Luzes no Passado – Claudio Guilhon (pelo espirito Rita de Cássia)




Ano: 2016
Páginas: 224
Idioma: português 
Editora: Jaguatirica

SINOPSE
O mito da alma gêmea – o amor completo e verdadeiro tema de filmes, livros e outras obras de arte – tem fundamento no espiritismo.

Charles e Sarah na Europa do século XVI, Josafá e Antibes no Oriente Médio a.C., Van Haume e Catrina na Alemanha durante a Segunda Guerra Mundial. Esses três casais são na verdade um só no romance mediúnico Luzes no passado (Ed.
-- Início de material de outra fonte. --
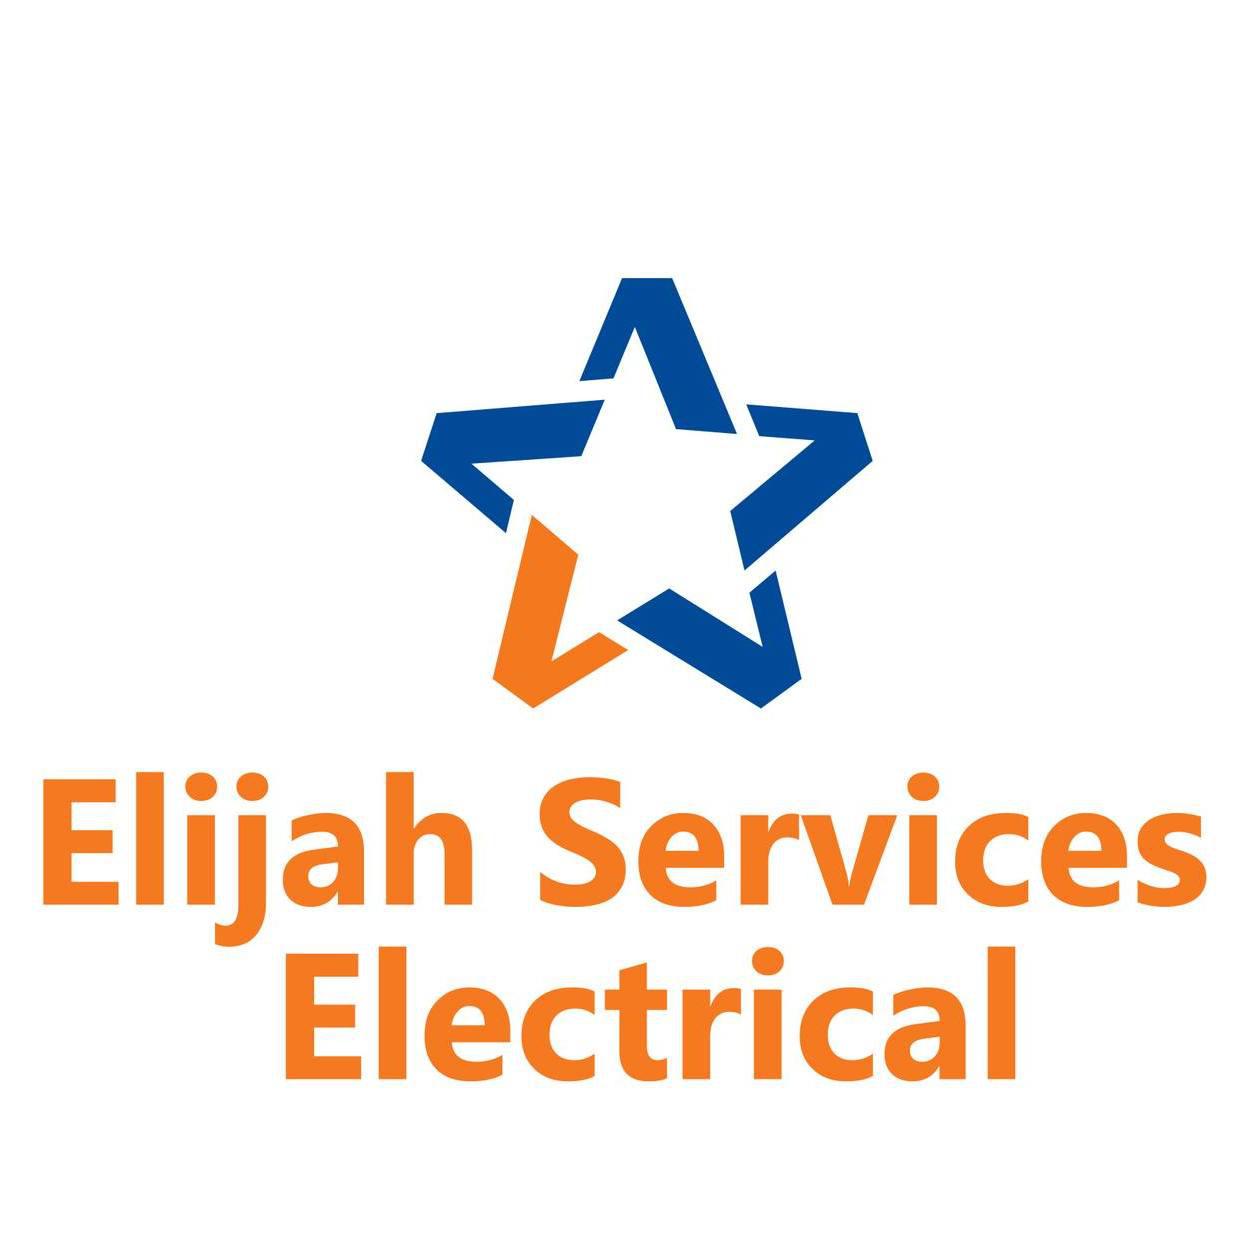 Elijah Services Electrical - Conroe, TX - (936)537-1660 | ShowMeLocal.com

Jaguatirica), psicografado pelo médico oftalmologista paraense Cláudio Guilhon e ditado pelo espírito de Rita de Cássia, ou Irmã Rita, como prefere ser chamada. “Os protagonistas mudam de nome e de época, mas suas almas são únicas e permanecem ligadas”, explica Guilhon.

No entanto, Charles e Sarah passam a maior parte da vida separados, Josafa e Antibes pertencem a tribos diferentes que guerreiam entre si, Von Haume e Catrina sofrem com o fato dele ser oficial nazista e ela, prisioneira de um campo de concentração. “Tais dificuldades nada mais são que etapas no cumprimento de nossos destinos. Necessitamos de doses de dor e desconforto para crescer. Quem avalia e administra essas doses é Deus, Nosso Senhor Jesus Cristo. Mas não sou eu quem diz isso, é a Irmã Rita”, esclarece o autor.

O livro terá lançamentos em Belém, Rio de Janeiro e São Paulo. A renda proveniente das vendas será doada integralmente ao Centro Alternativo de Cultura – CAC, obra social que atende quatrocentas crianças em Belém do Pará. Mais uma vez, essas iniciativas foram indicações da Irmã Rita. “Ela manda, eu executo”, finaliza Cláudio.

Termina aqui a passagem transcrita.